● Task description
Exactly and only the lines below from the one containing "Condones de hace" down to the one containing "Eilfix Bürstenreiniger - 1kg" are wanted, both included; please exclude every picture.

● Entries provided

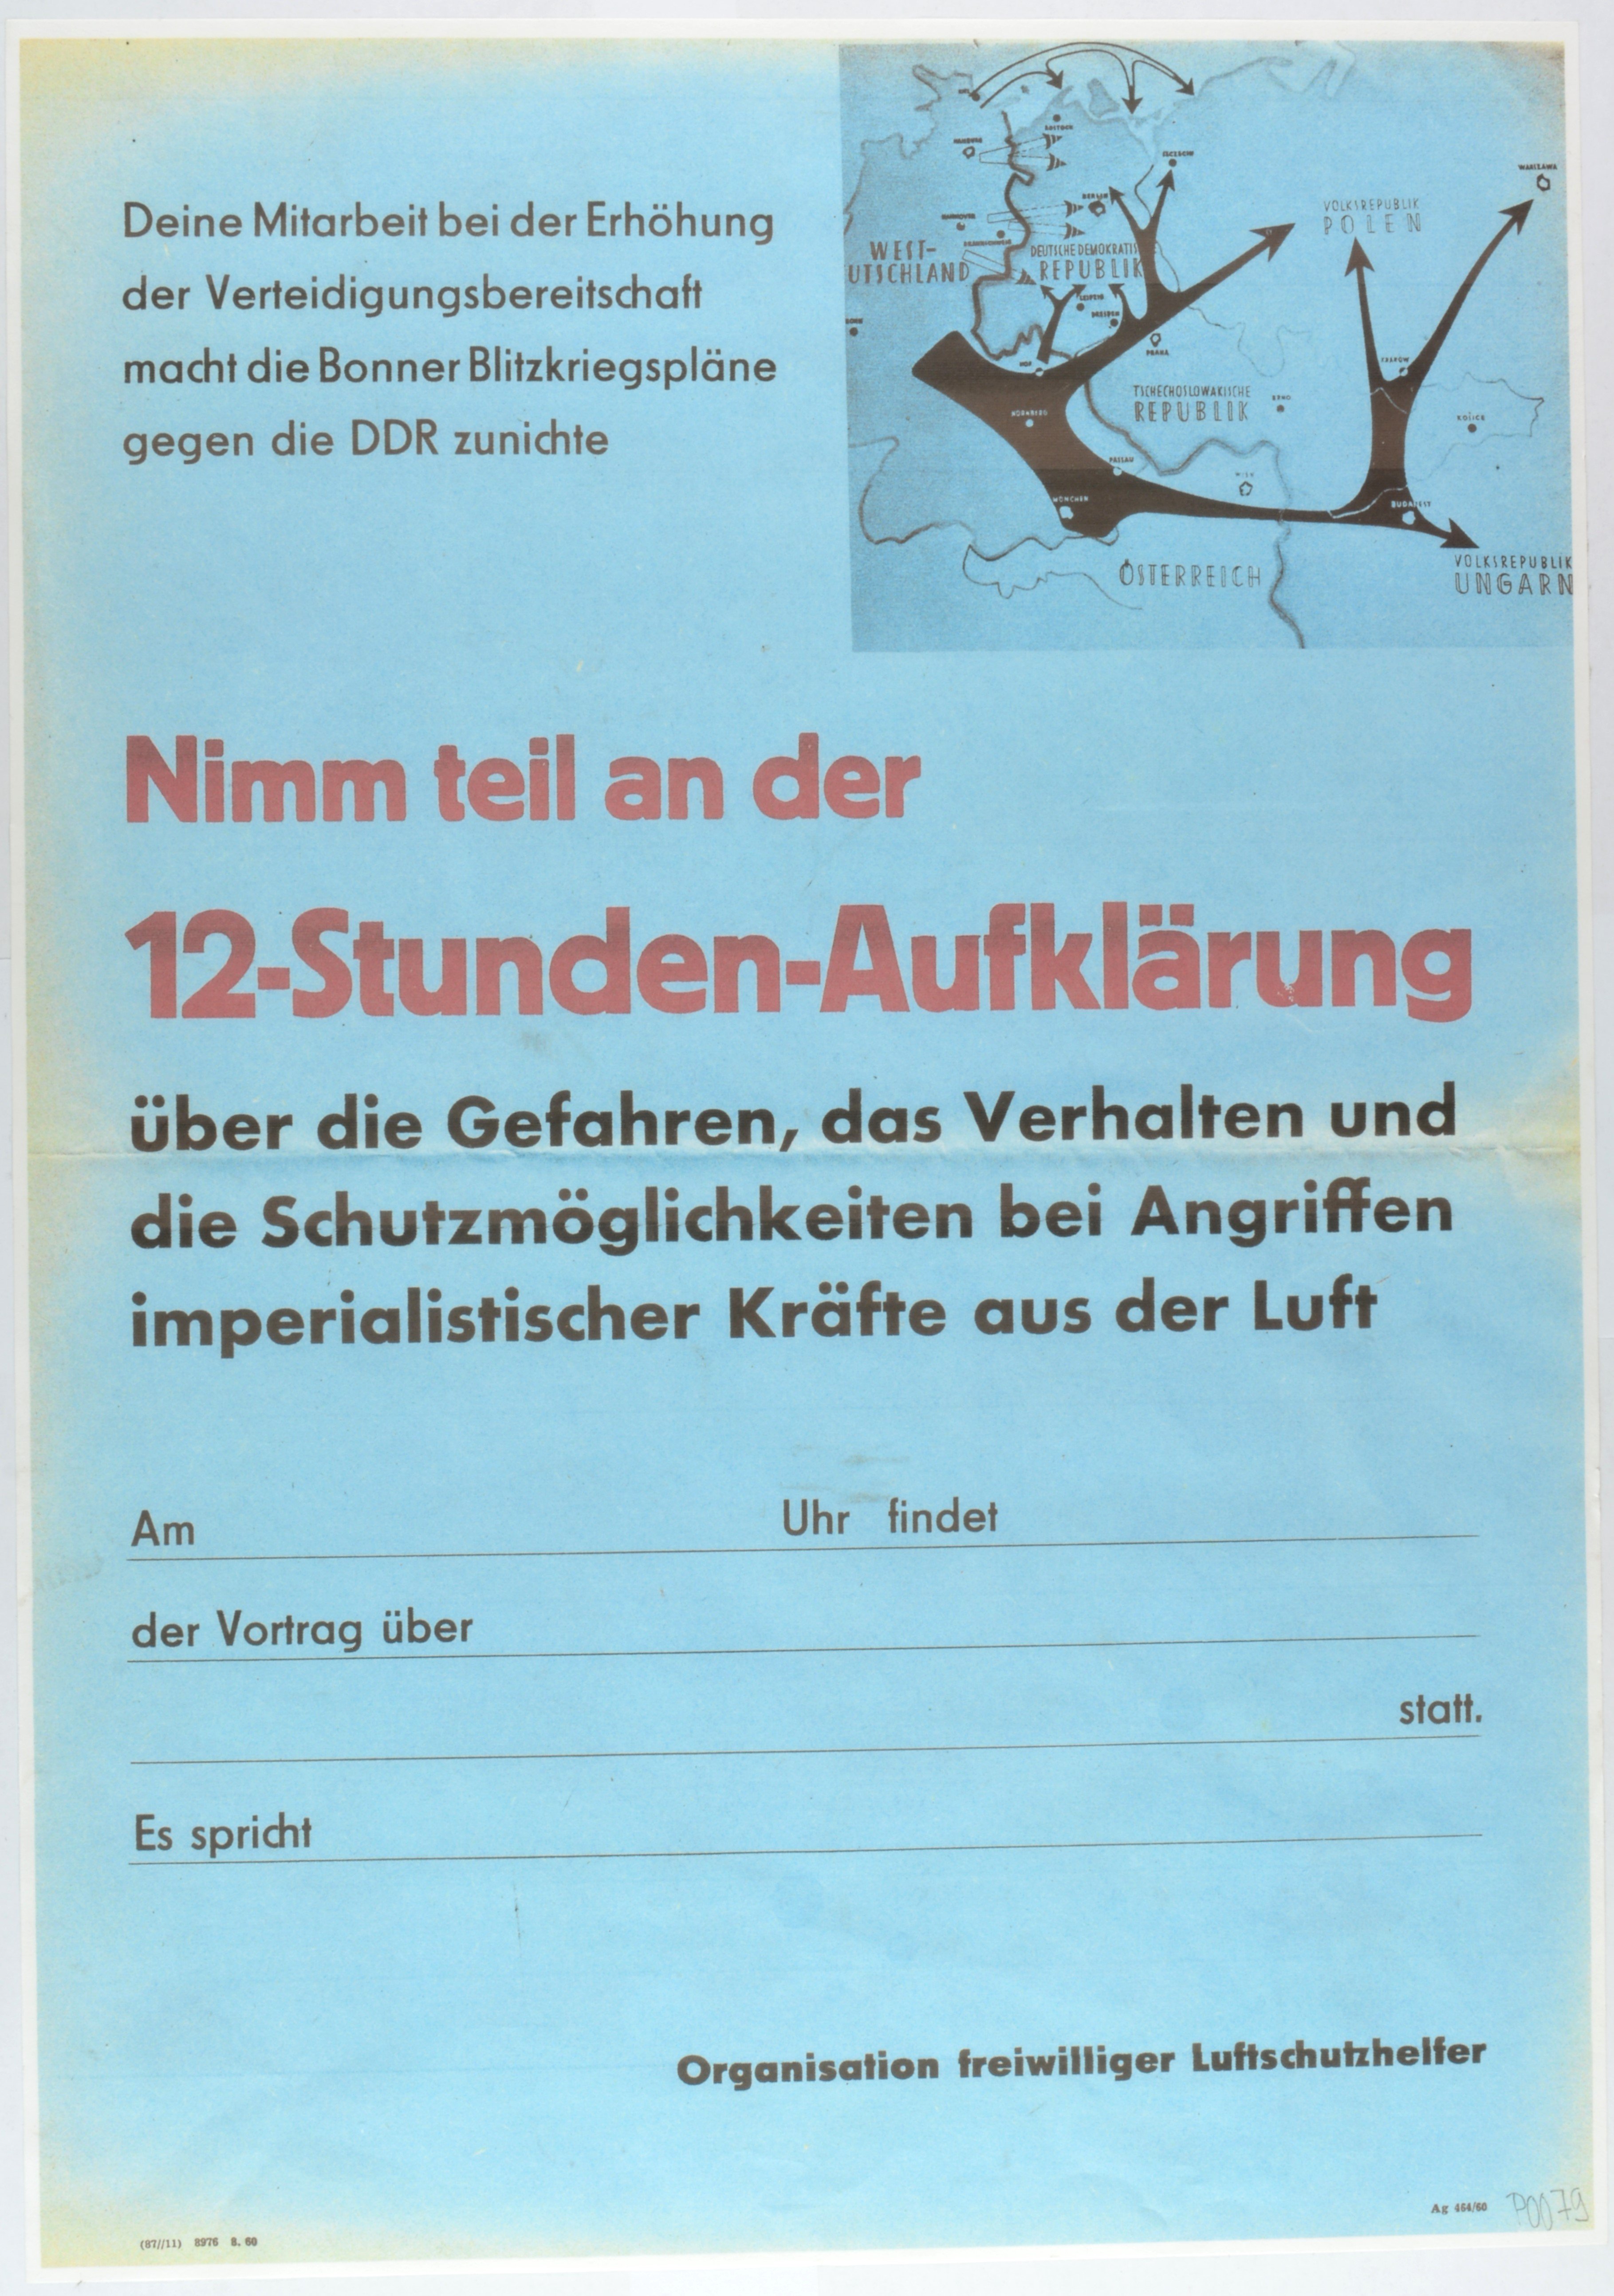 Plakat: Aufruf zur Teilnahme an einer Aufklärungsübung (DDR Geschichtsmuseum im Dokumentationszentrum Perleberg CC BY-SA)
==
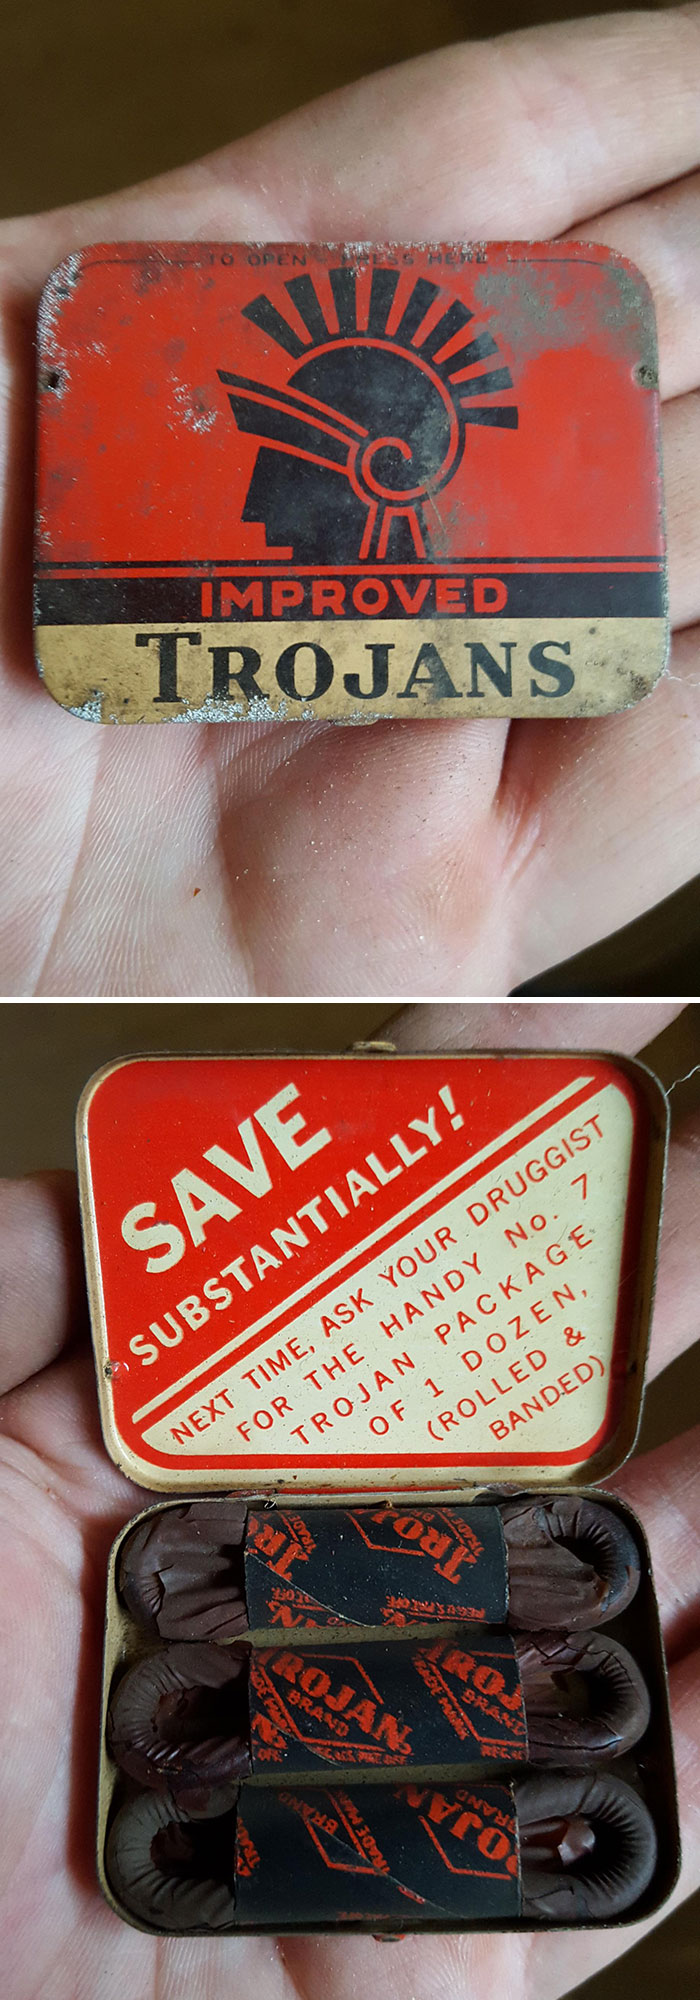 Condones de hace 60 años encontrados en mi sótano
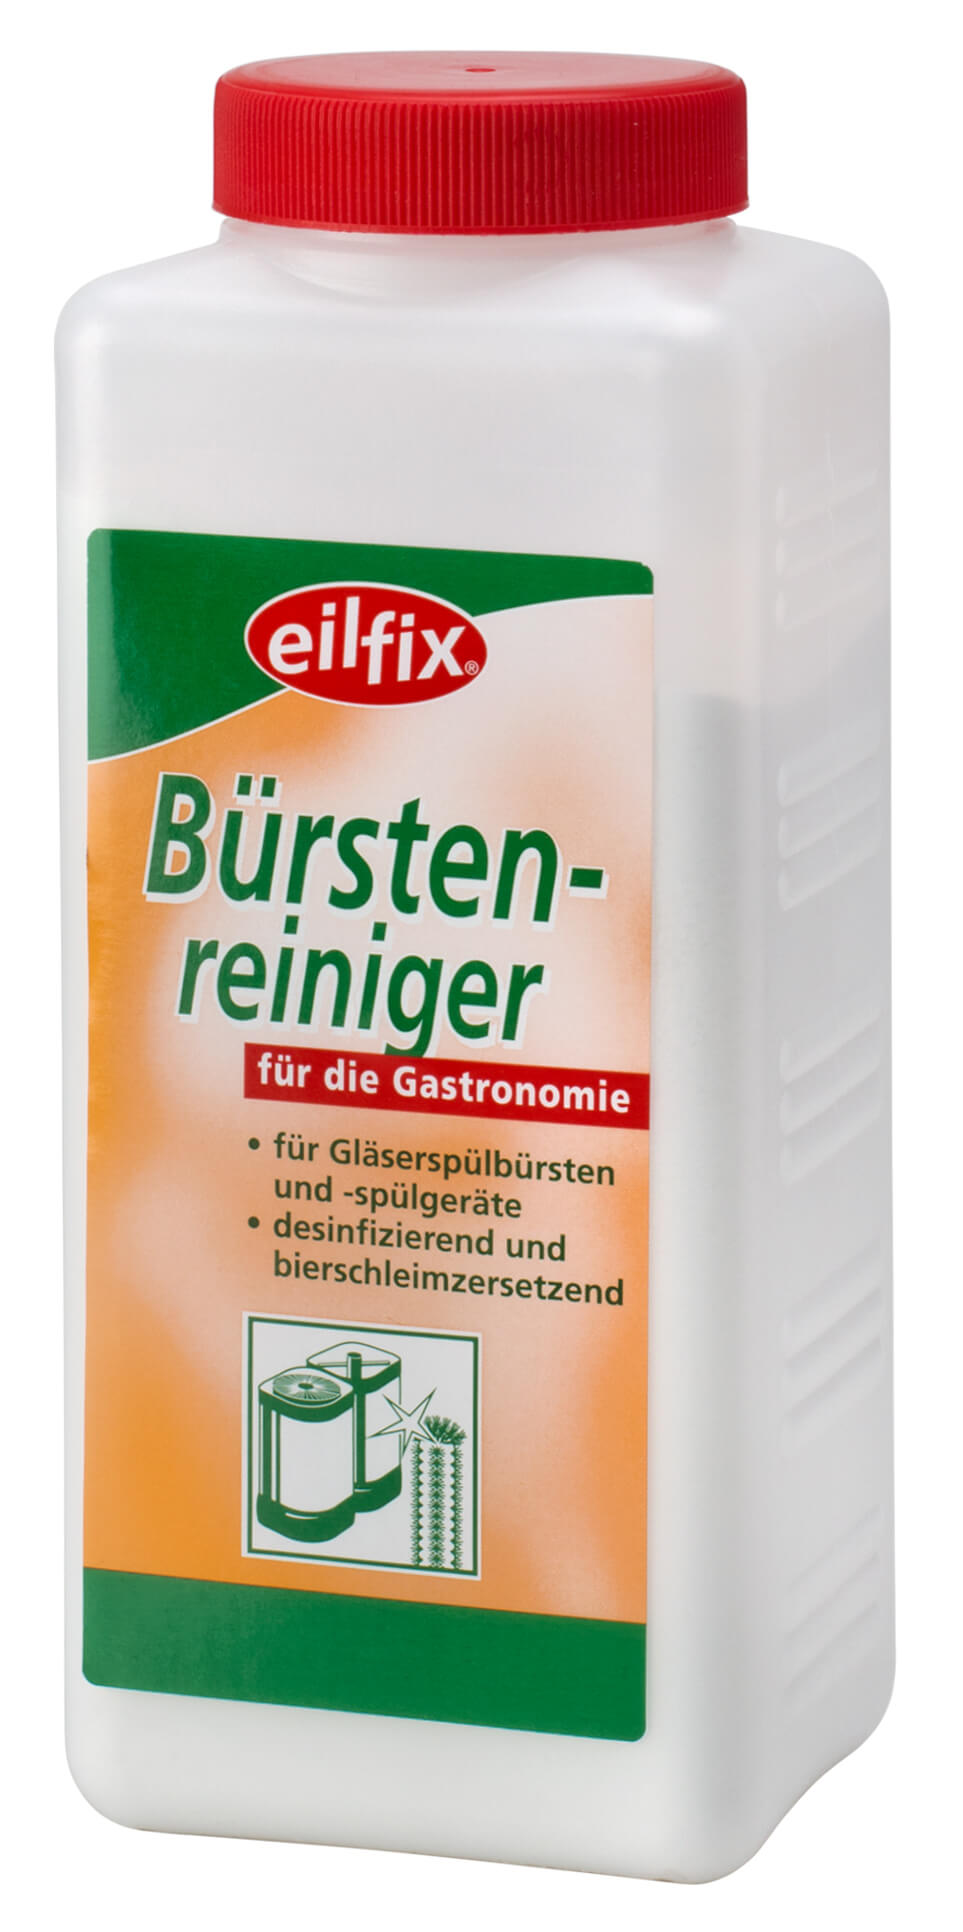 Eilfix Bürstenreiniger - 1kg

● Reply
 Condones de hace 60 años encontrados en mi sótano
 Eilfix Bürstenreiniger - 1kg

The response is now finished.